Diantaranya adalah penelitian yang dilakukan oleh: 1) Irfatul Aini, 2010 yang berjudul Penerapan Model Pembelajaran Inovatif Melalui Model Talking Stick Untuk Meningkatkan Aktivitas Belajar Siswa Pada Mata Pelajaran IPS Kelas VII di SMPN 1 Singosari.
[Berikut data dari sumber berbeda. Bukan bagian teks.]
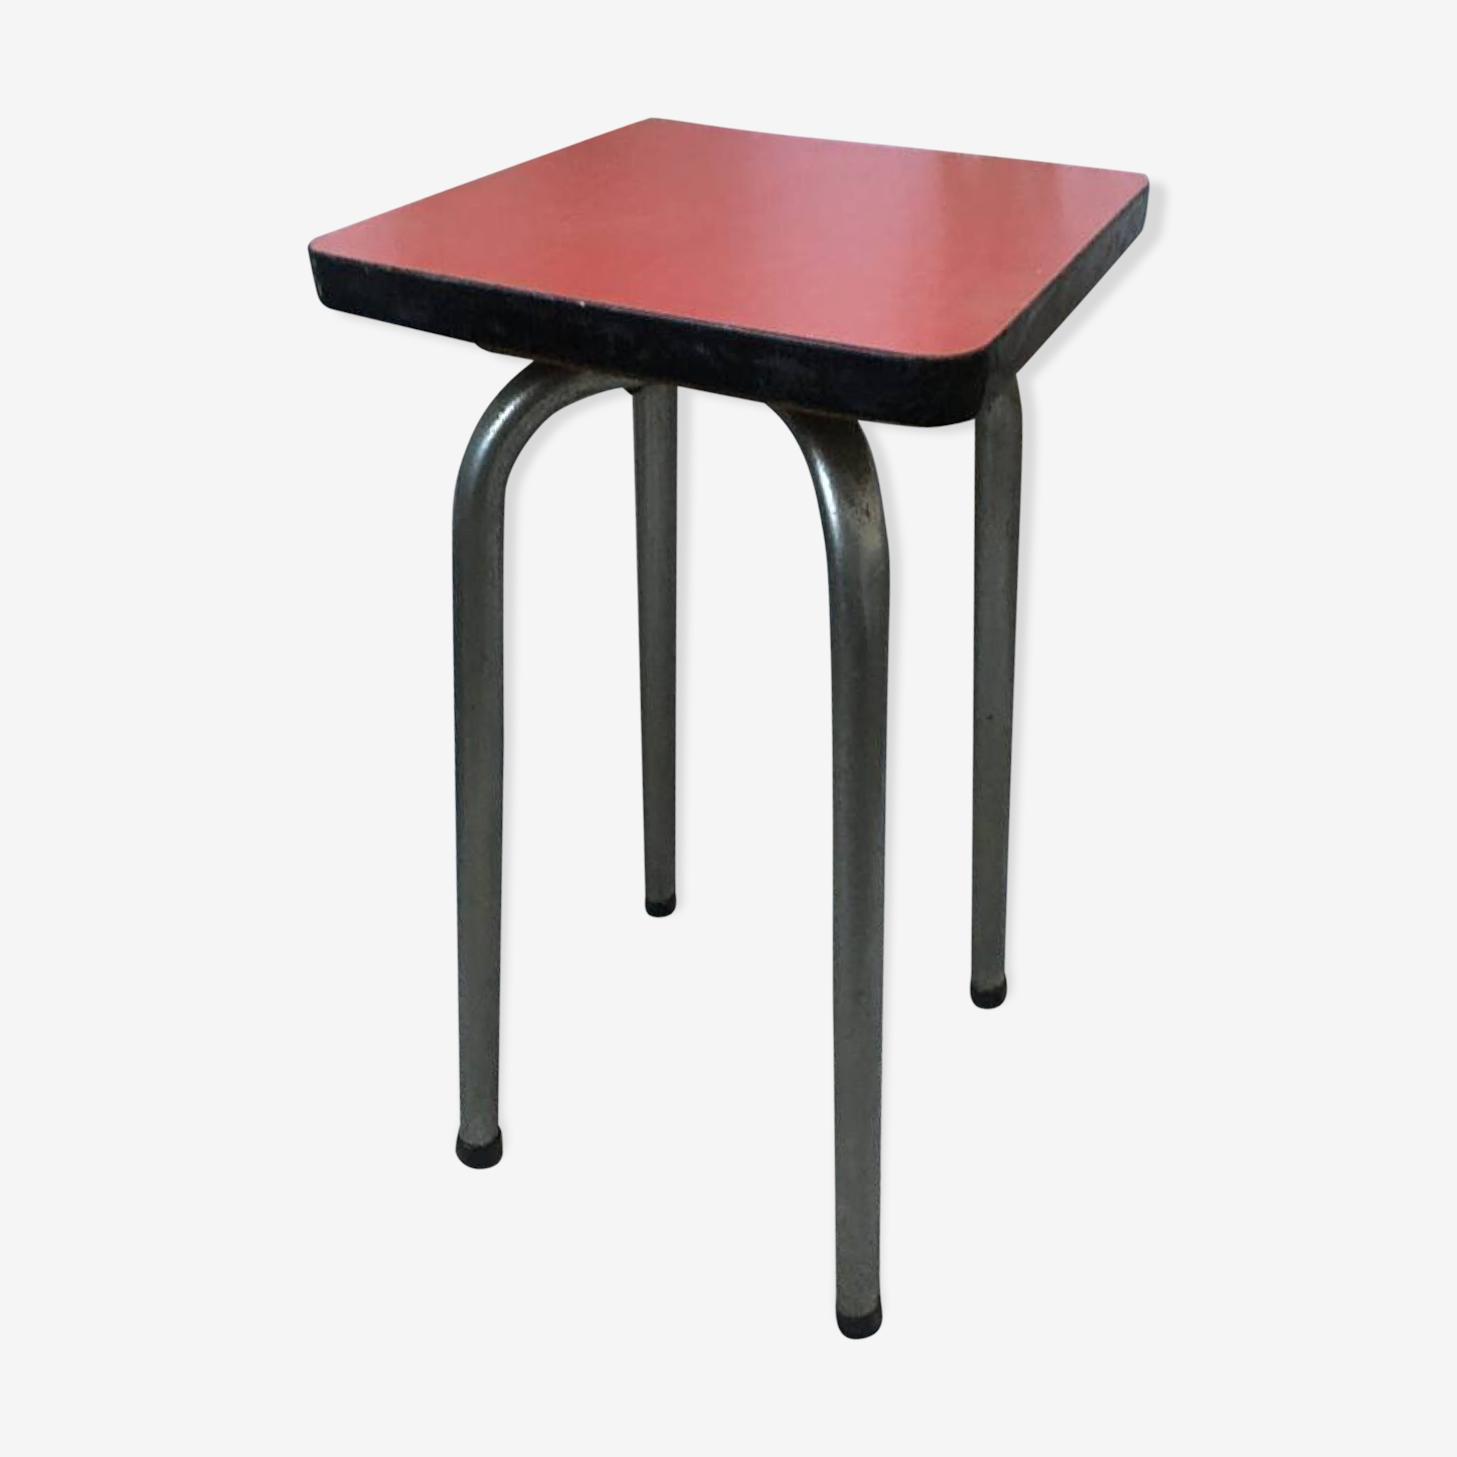 Tabouret formica rouge années 60

Dari hasil penelitian menunjukkan bahwa model Talking Stick dapat meningkatkan aktivitas belajar siswa khususnya
pada mata pelajaran IPS. Pada siklus I aktivitas belajar siswa dengan nilai rata-rata kelas dari pre test sebesar 24 meningkat menjadi 25 atau sekitar 4.1% dan peningkatan aktivitas belajar siswa yang semula nilai rata-rata kelas dari pre test sebesar 77.5 meningkat menjadi 78.5 atau sekitar 1.27 %. Sedangkan pada siklus II aktivitas belajar siswa mengalami peningkatan yakni nilai rata-rata kelas dari pre test sebesar 28 meningkat menjadi 31 atau sekitar 10.71 % dan peningkatan aktivitas belajar siswa yang semula nilai rata-rata kelas dari pre test sebesar 78,5 meningkat menjadi 81.4 atau sekitar 3.56 %, dan sedangkan pada siklus III aktivitas belajar siswa mangalami peningkatan nilai rata-rata kelas dari pre test sebesar 31 meningkat menjadi 36 atau sekitar 16.12%. 2) Irmawati Lamato, 2011, mengenai Meningkatkan Hasil Belajar Siswa Pada Mata Pelajaran IPS Melalui Model Pembelajaran Numbered Heads Together (NHT) (suatu penelitian pada siswa kelas VIII TN2 SMP Negeri 2 Telaga Kabupaten Gorontalo), hasil penelitian menunjukkan 90,47% siswa tuntas. \ Dari hasil kajian penelitian yang relevan oleh kedua peneliti diatas maka penulis memberikan penjelasan perbedaan yakni lokasi penelitian dari kedua peneliti berbeda dengan yang dilakukan oleh penulis. 2.6 Hipotesis Tindakan Berdasarkan kajian teoretis yang telah diuraikan, maka yang menjadi hipotesis tindakan dalam penelitian ini adalah: “jika guru menggunakan perpaduan metode
Talking Stick dan Numbered Head Together (NHT) maka hasil belajar siswa pada materi hidrosfer di kelas X SMA Tridharma Gorontalo akan meningkat”. 2.7 Indikator Kinerja Indikator keberhasilan dalam penelitian ini adalah jika hasil belajar siwa pada materi hidrosfer melalui perpaduan metode kooperatif tipe Talking Stick dan Numbered Head Together (NHT) minimal 85% dari keseluruhan siswa yang dikenai tindakan memperoleh nilai 75 ke atas.